**Entries supplied**
↓
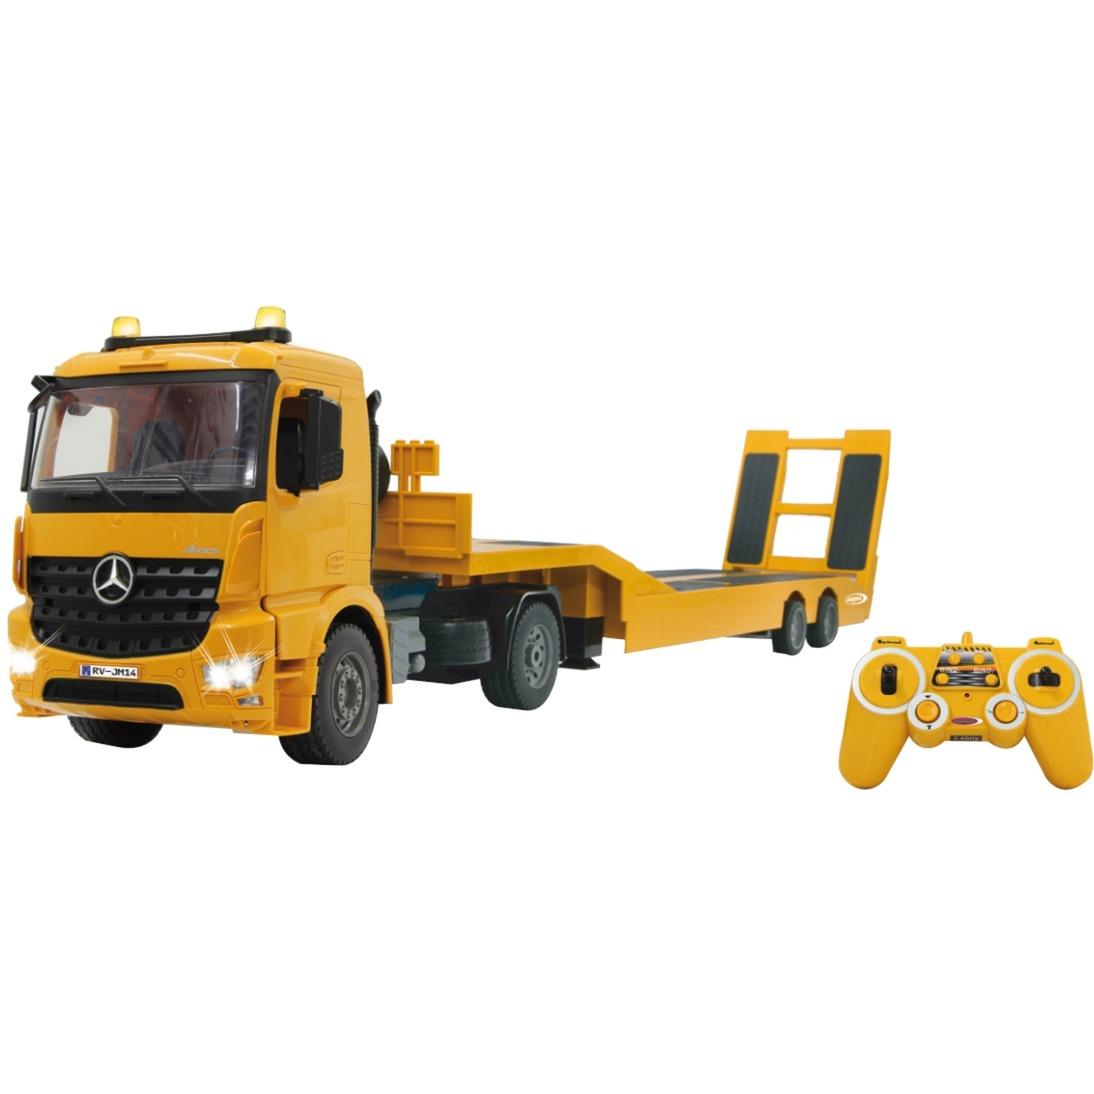 405107 On-road truck Motor eléctrico 1:20 vehículo de tierra por radio control (RC), Radiocontrol
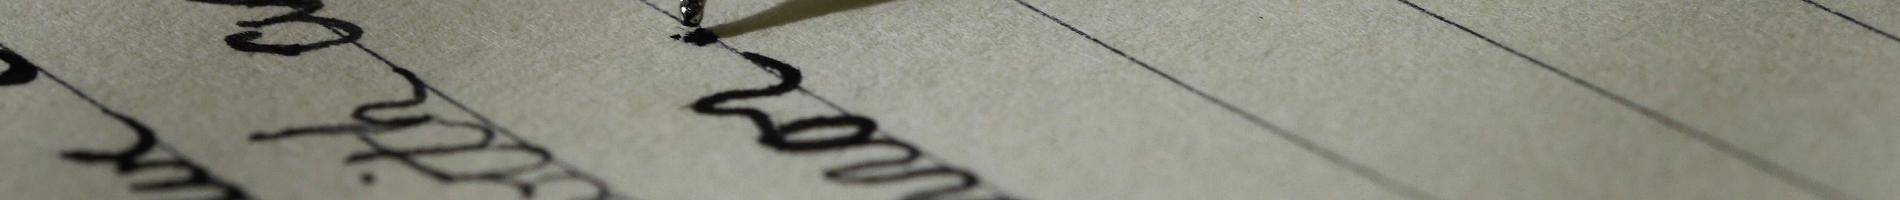 Macro écriture
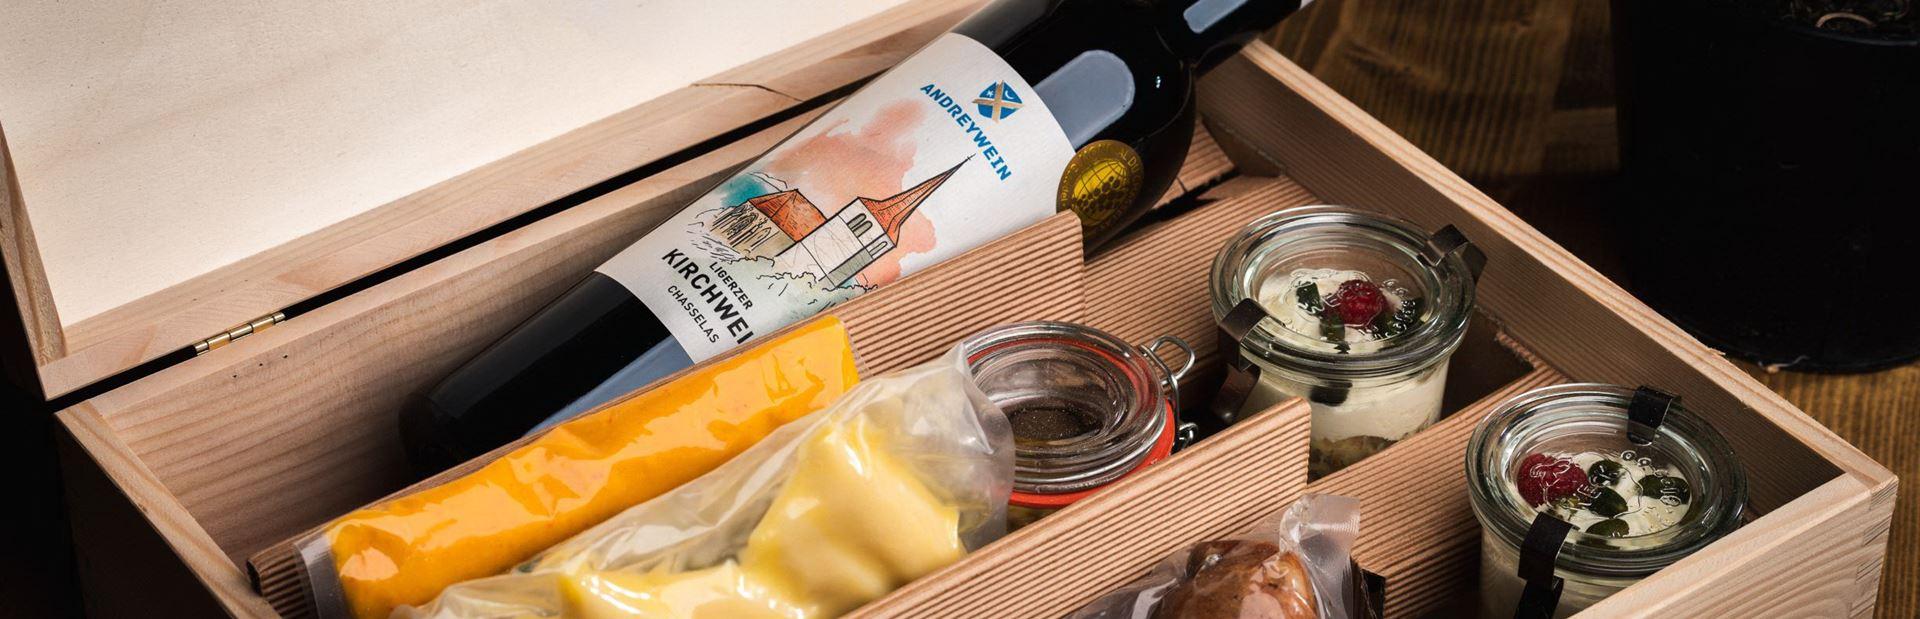 Treberwurst & Wein Box
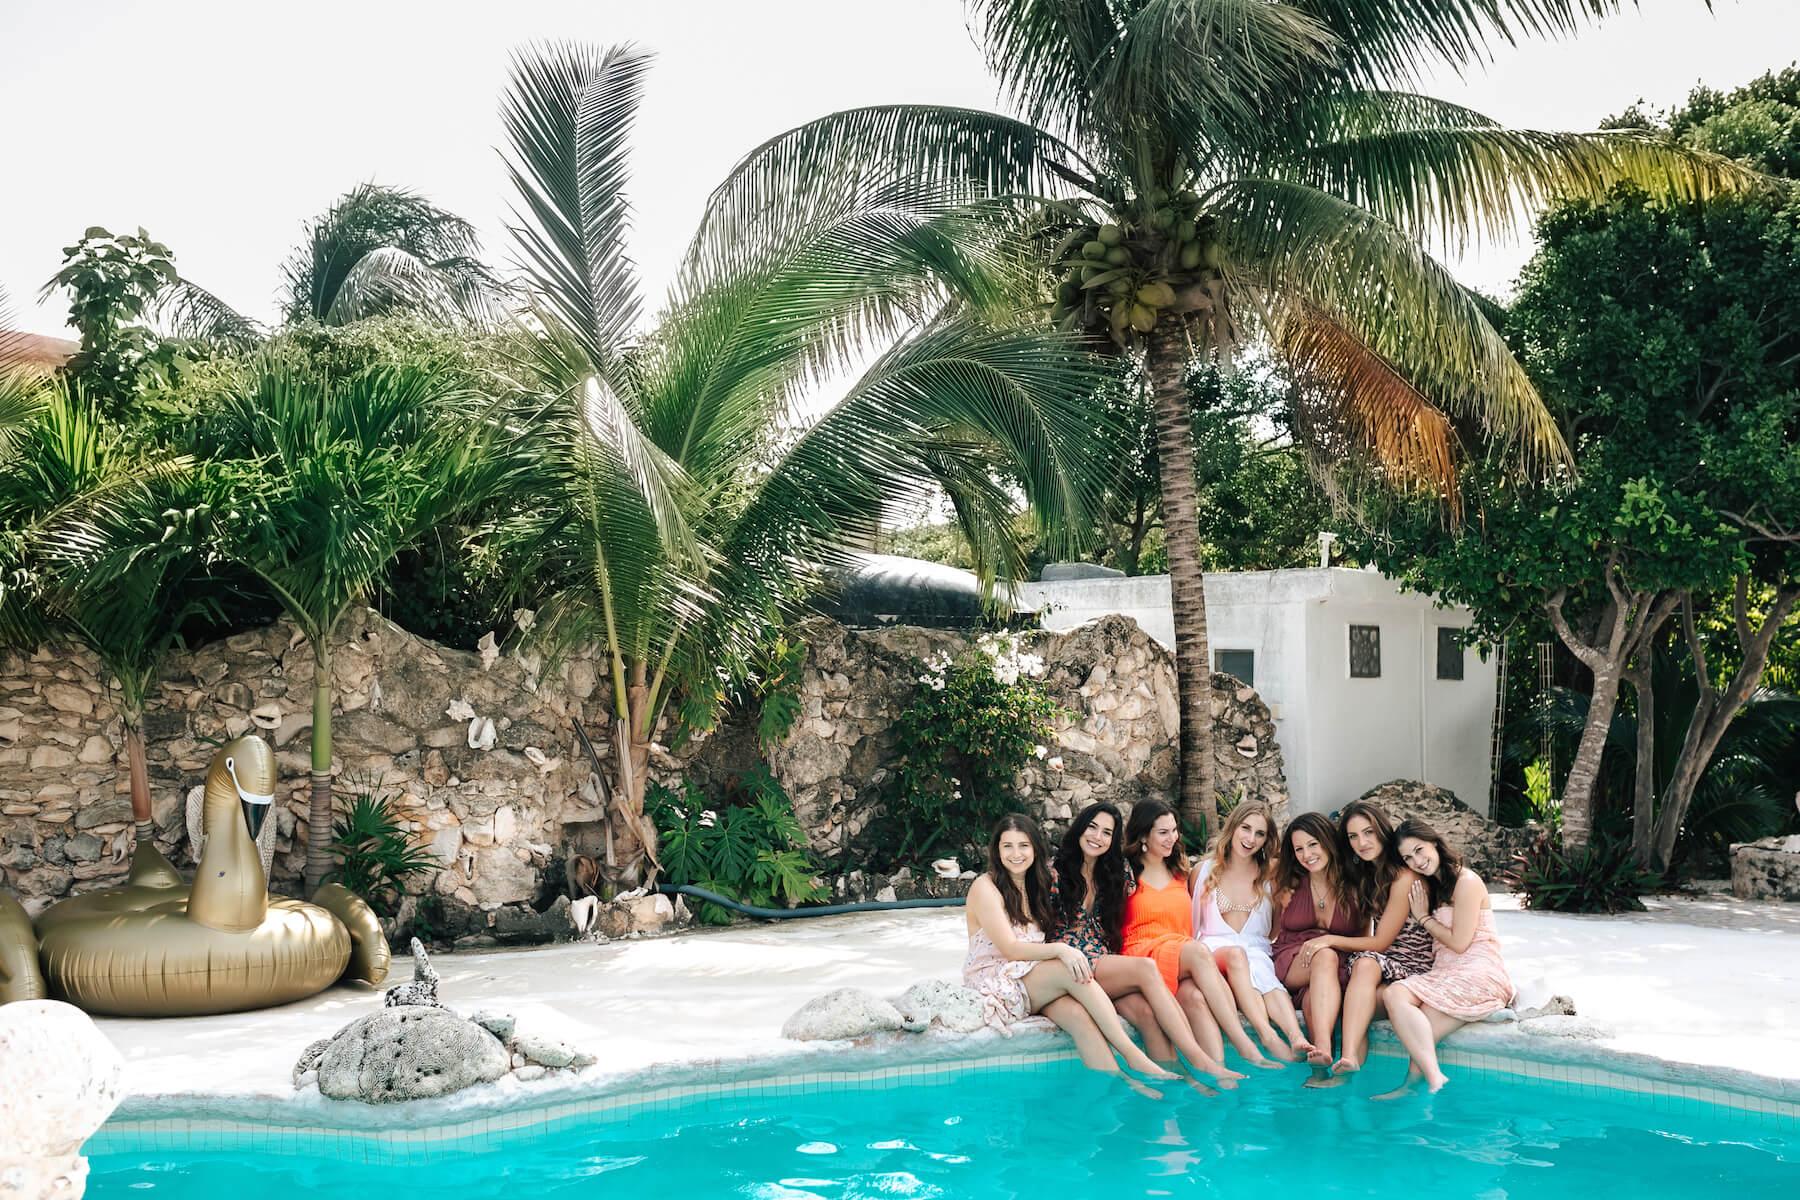 bachelorette in Cancun, Mexico
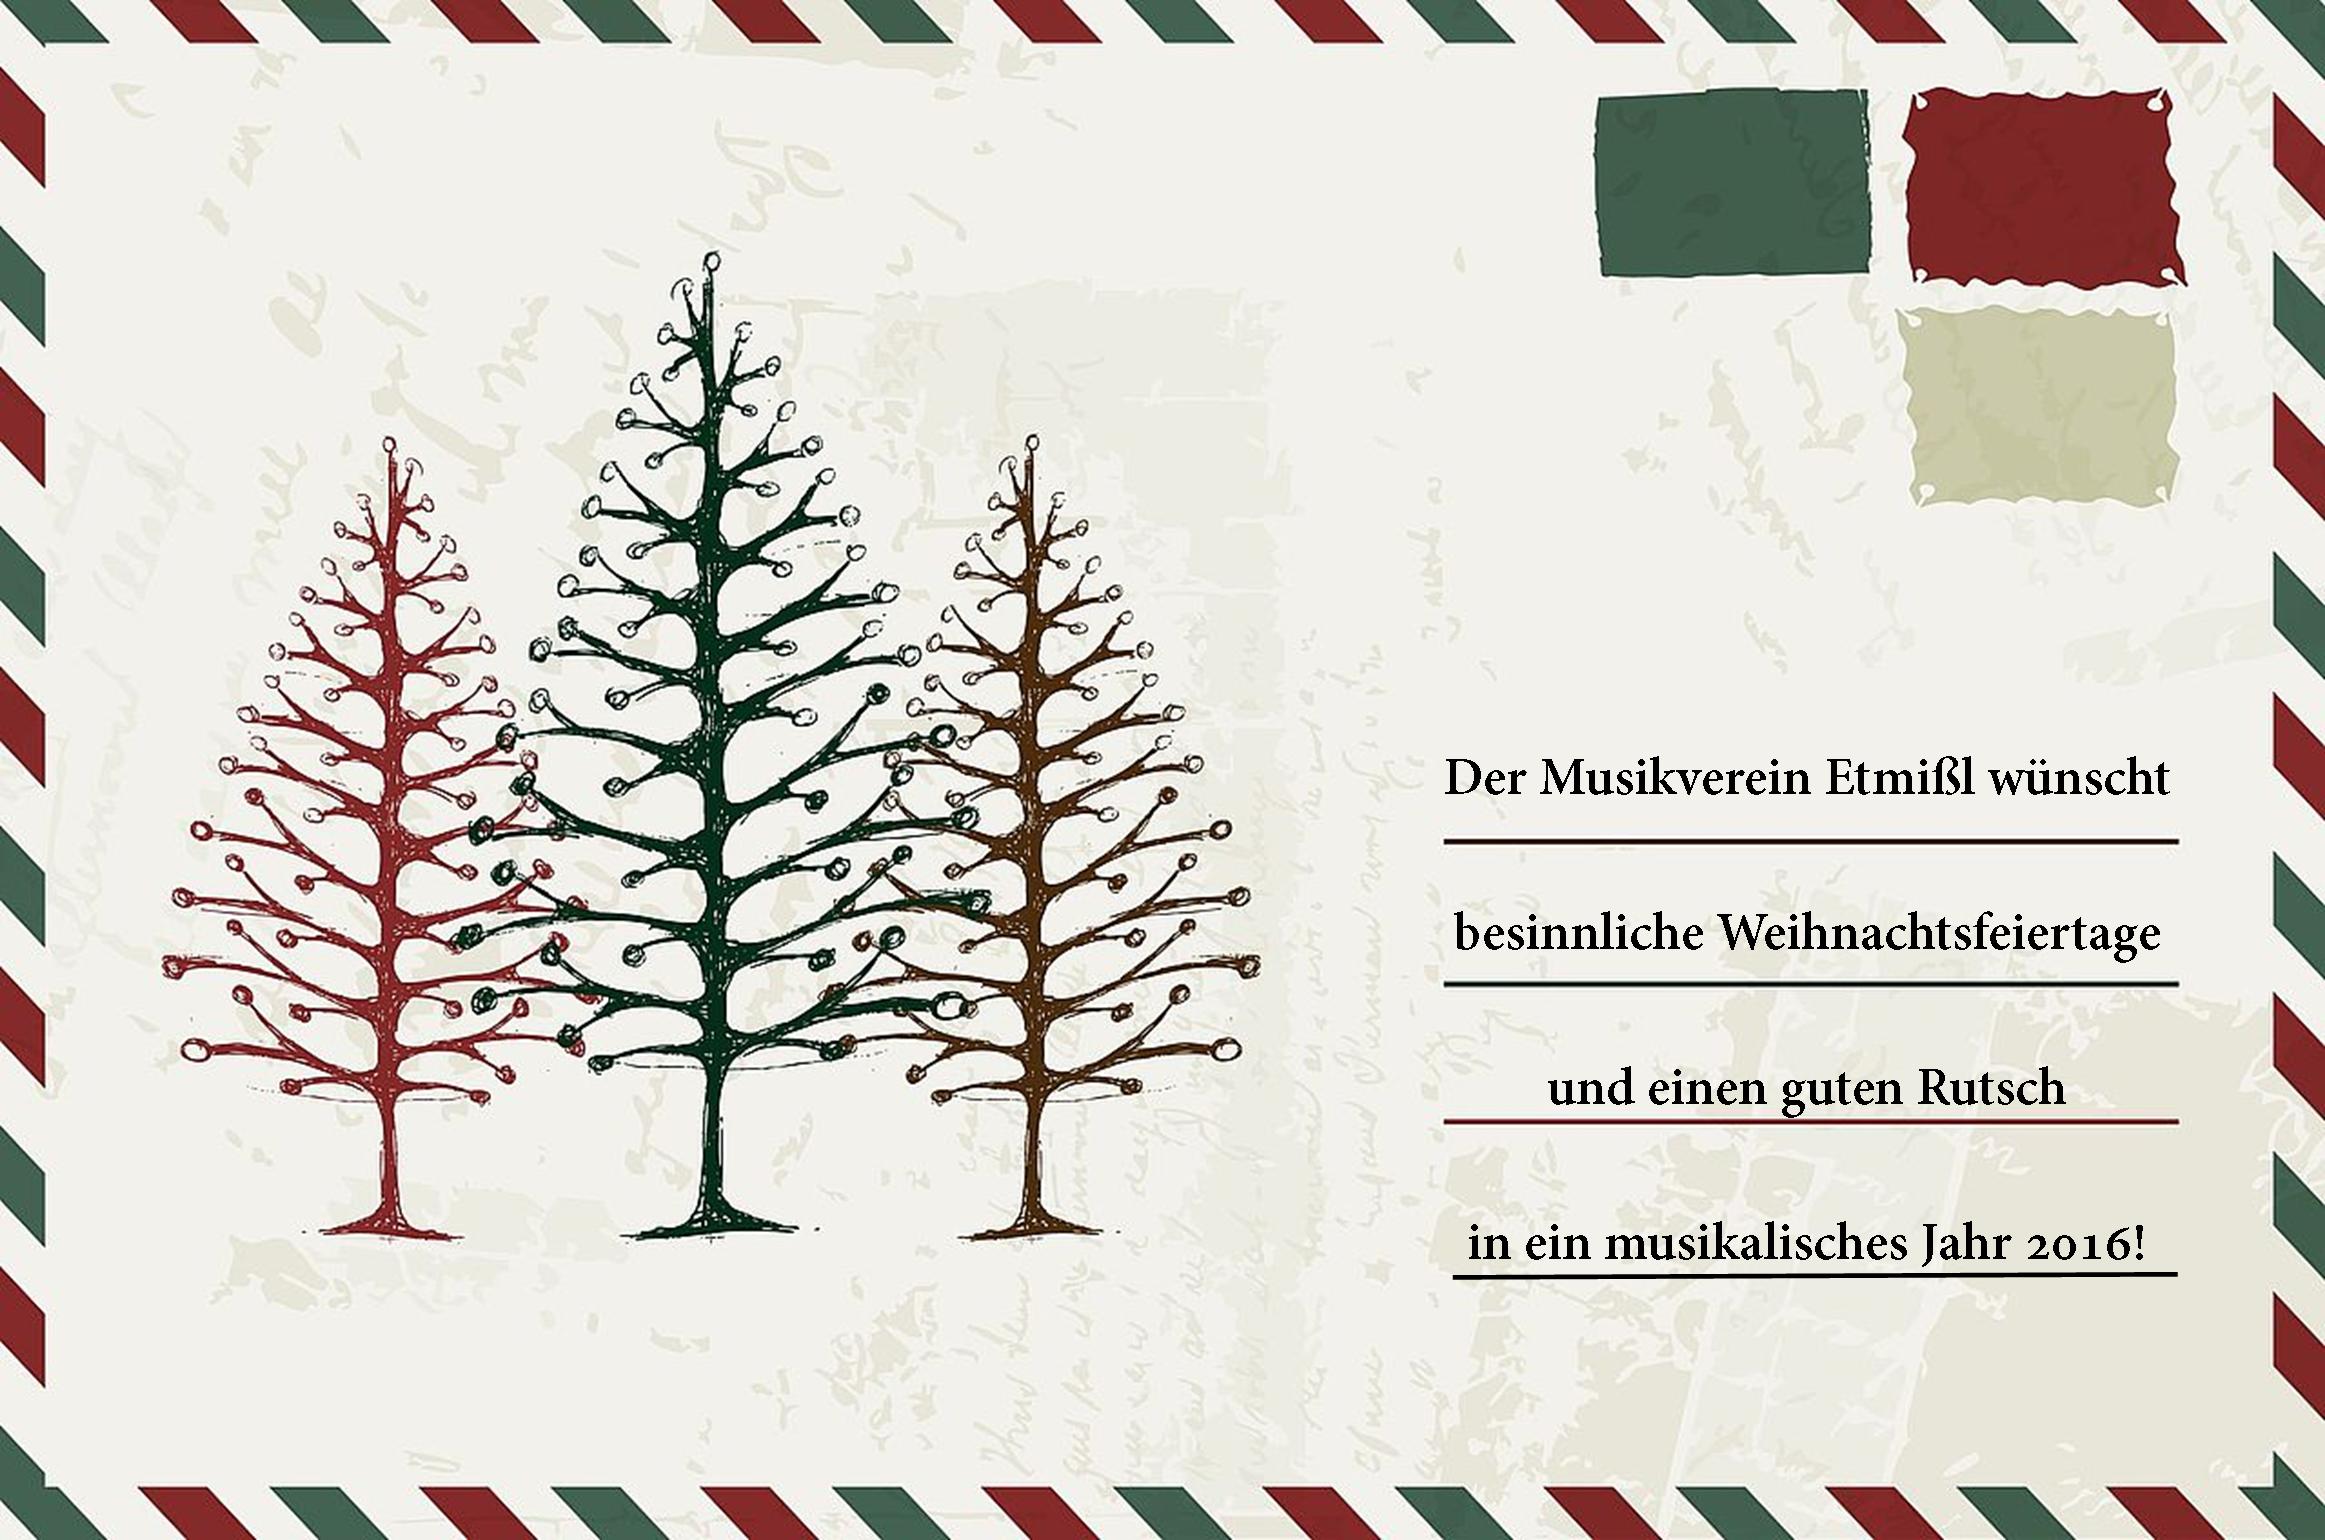 weihnachtsw nsche vom musikverein etmi l musikverein etmi l. Black Bedroom Furniture Sets. Home Design Ideas
↑
**What you will do**
Output all the records above exactly, but without their images.

**Task answer**
 405107 On-road truck Motor eléctrico 1:20 vehículo de tierra por radio control (RC), Radiocontrol
 Macro écriture
 Treberwurst & Wein Box
 bachelorette in Cancun, Mexico
 weihnachtsw nsche vom musikverein etmi l musikverein etmi l. Black Bedroom Furniture Sets. Home Design Ideas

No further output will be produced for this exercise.